Thursday, August 6, 2009

Awareness

The Matthew Shepard Act

The Matthew Shepard Act (officially, the Local Law Enforcement Hate Crimes Prevention Act or LLEHCPA), is a proposed bill in the United States Congress that would expand the 1969 United States federal hate-crime law to include crimes motivated by a victim's actual or perceived gender, sexual orientation, gender identity, or disability.

The bill would also:

  • remove the current prerequisite that the victim be engaging in a federally-protected activity, like voting or going to school;
  • give federal authorities greater ability to engage in hate crimes investigations that local authorities choose not to pursue;
  • provide $10 million in funding for 2008 and 2009 to help state and local agencies pay for investigating and prosecuting hate crimes;
  • require the Federal Bureau of Investigation (FBI) to track statistics on hate crimes against transgender people (statistics for the other groups are already tracked).[1]
At the federal level, then-President Bill Clinton renewed attempts to extend federal hate crime legislation to include gay and lesbian individuals, women, and people with disabilities. These efforts were rejected by the United States House of Representatives in 1999.[24] In 2000, both houses of Congress passed such legislation, but it was stripped out in conference committee.[25]

On March 20, 2007, the Matthew Shepard Act (H.R. 1592) was introduced as federal bipartisan legislation in the U.S. Congress, sponsored by Democrat John Conyers with 171 co-sponsors. Matthew's parents, Judy and Dennis, were present at the introduction ceremony. The bill passed the House of Representatives on May 3, 2007. Similar legislation passed in the Senate on September 27, 2007[26] (S. 1105), but then-President Bush indicated he might veto the legislation if it reached his desk.[27] He did veto the bill in 2007.

On December 10, 2007, congressional powers attached bipartisan hate crimes legislation to a Department of Defense Authorization bill, though failed to get it passed. Nancy Pelosi, Speaker of the House, said she "is still committed to getting the Matthew Shepard Act passed." Pelosi planned to get the bill passed early in 2008[28] though did not succeed in that plan. Following his election as 44th President of the United States, Barack Obama stated that he is committed to passing the Act.[29]
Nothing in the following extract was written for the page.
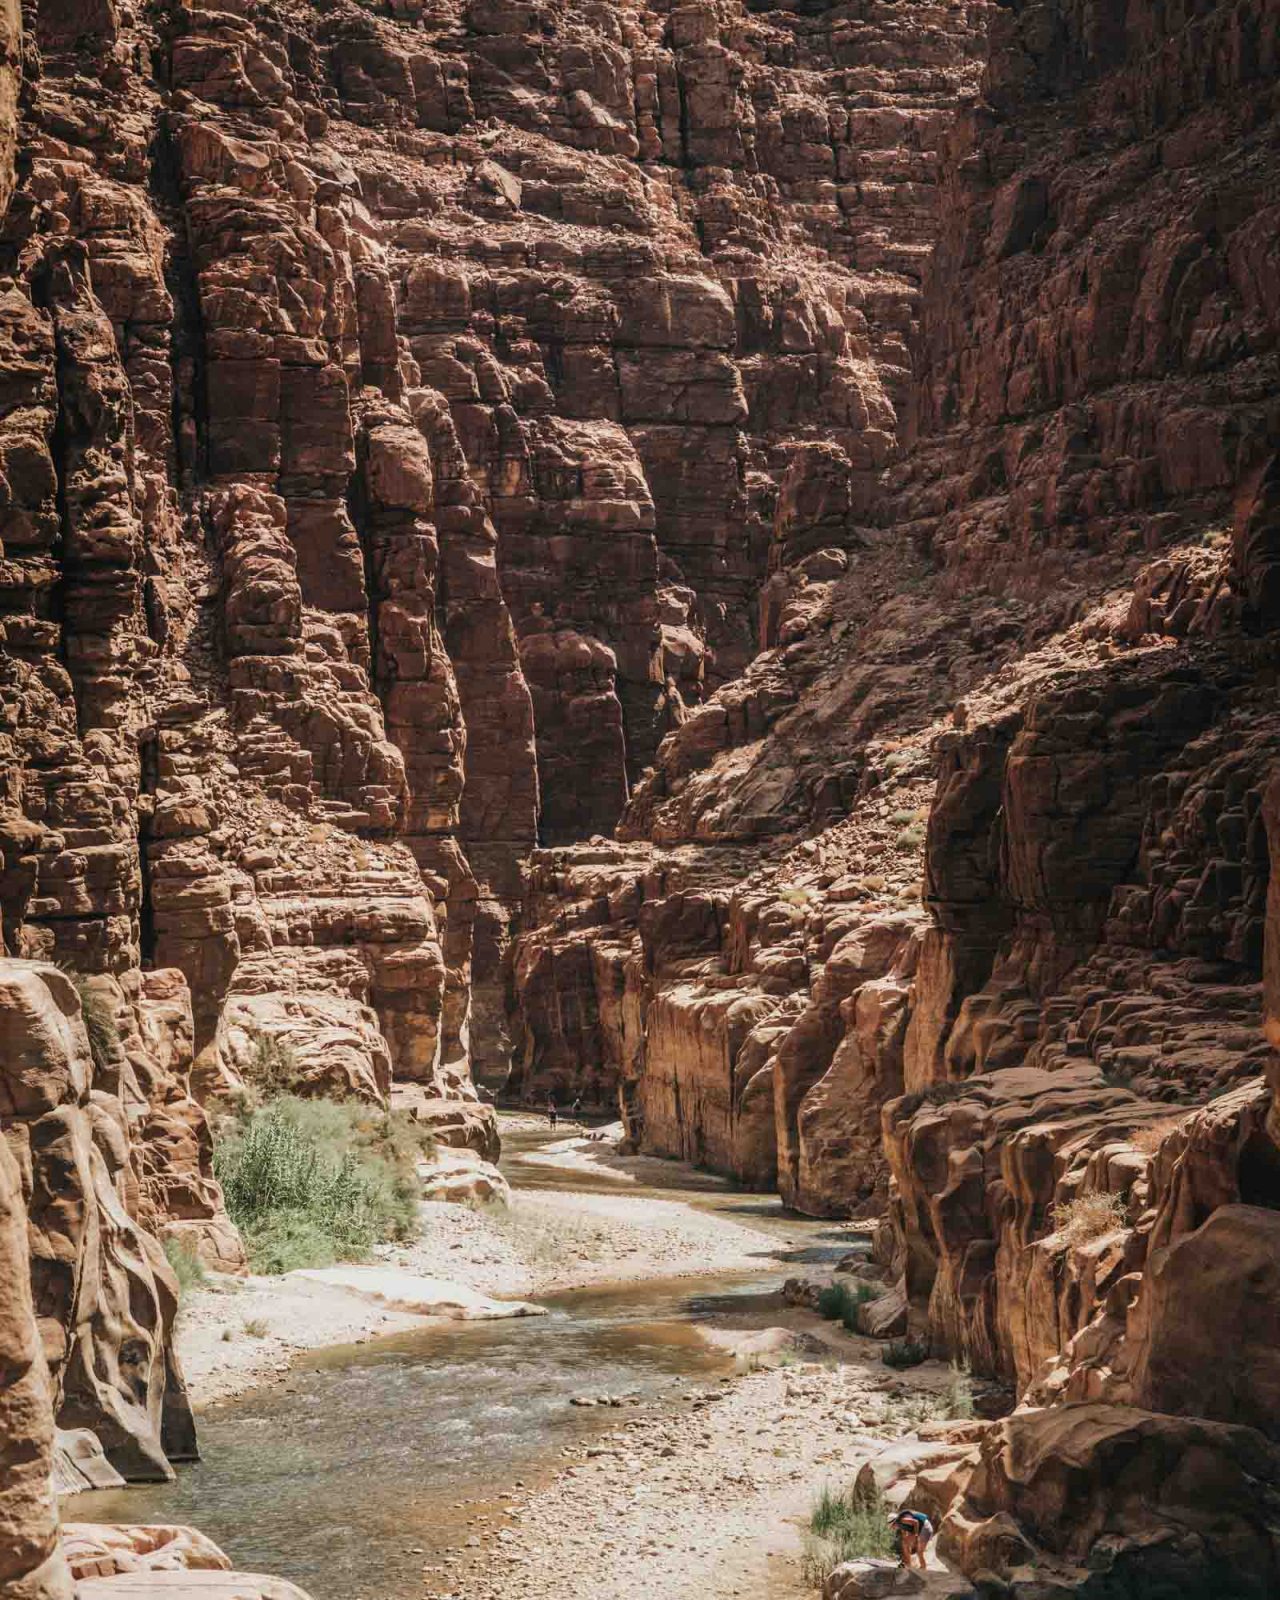 Ecotourism in Wadi Mujib Jordan is on the rise

The U.S. House of Representatives debated expansion of hate crimes legislation on April 29, 2009. During the debate, Representative Virginia Foxx of North Carolina called the "hate crime" labeling of Matthew Shepard's murder a "hoax." Matthew Shepard's mother was said to be in the House gallery when the congresswoman made this comment.[30] Foxx later called her comments "a poor choice of words". [31] The House passed the act, designated H.R. 1913, by a vote of 249 to 175.[32] The bill was introduced in the Senate on April 28 by Ted Kennedy, Patrick Leahy, and a bipartisan coalition;[33] it had 43 cosponsors as of June 17, 2009, and is currently on the route to being voted upon.[citation needed] The Matthew Shepard Act was adopted as an amendment to S.1390 by a vote of 63-28 on July 15, 2009.[34]

[via Wikipedia]


Update on the Matthew Shepard Hate Crimes Prevention Act


July 24, 2009


The U.S. Senate late Thursday gave its final approval to federal legislation that provides grants and law-enforcement assistance to local governments to prevent hate crimes based on victims’ sexual orientation or gender identity, and allows federal prosecutions where local authorities cannot or will not secure convictions.

The Matthew Shepard Hate Crimes Prevention Act was attached earlier this week to the annual military funding bill, which then cleared the chamber on an 87-7 vote at 10:30 p.m. Thursday. The bill now goes to a House-Senate conference committee to work out differences between the two versions of the legislation.

The Matthew Shepard Act is one of those differences, included only in the Senate version of the bill. It would allow the federal government to prosecute anti-gay hate crimes when local authorities cannot or will not, in the same way the Justice Department already can intervene in racist hate crimes. It also authorizes grants to local jurisdictions to back up their own efforts against bias crimes.While conferees will have to decide if it remains in the final compromise version, expected to face a vote in September after the upcoming congressional recess, the House is on record strongly supporting the Act in a separate, stand-alone vote back in April.

Congressional leaders have also stated their commitment to make sure it remains in the Pentagon spending bill that the president could receive as early as September.

Conference committee members will also decide the fate of other amendments to the Act, including requirements for new Justice Department rules on the use of the hate-crime prosecution authority; the addition of military personnel, their families and their property to the bill’s protected classes; and most controversially, the authority of federal prosecutors to seek the death penalty in some hate-crimes cases, a move opposed by many of the Matthew Shepard Act’s supporters.

Also, while the Senate removed $1.75 billion in additional F-22 fighter jet purchases which the Pentagon does not want and over which the president threatened a veto of the Defense bill, the House version still contains a smaller $389 million F-22 purchase, to which the White House still objects. That too will be a key negotiating point between the two sides.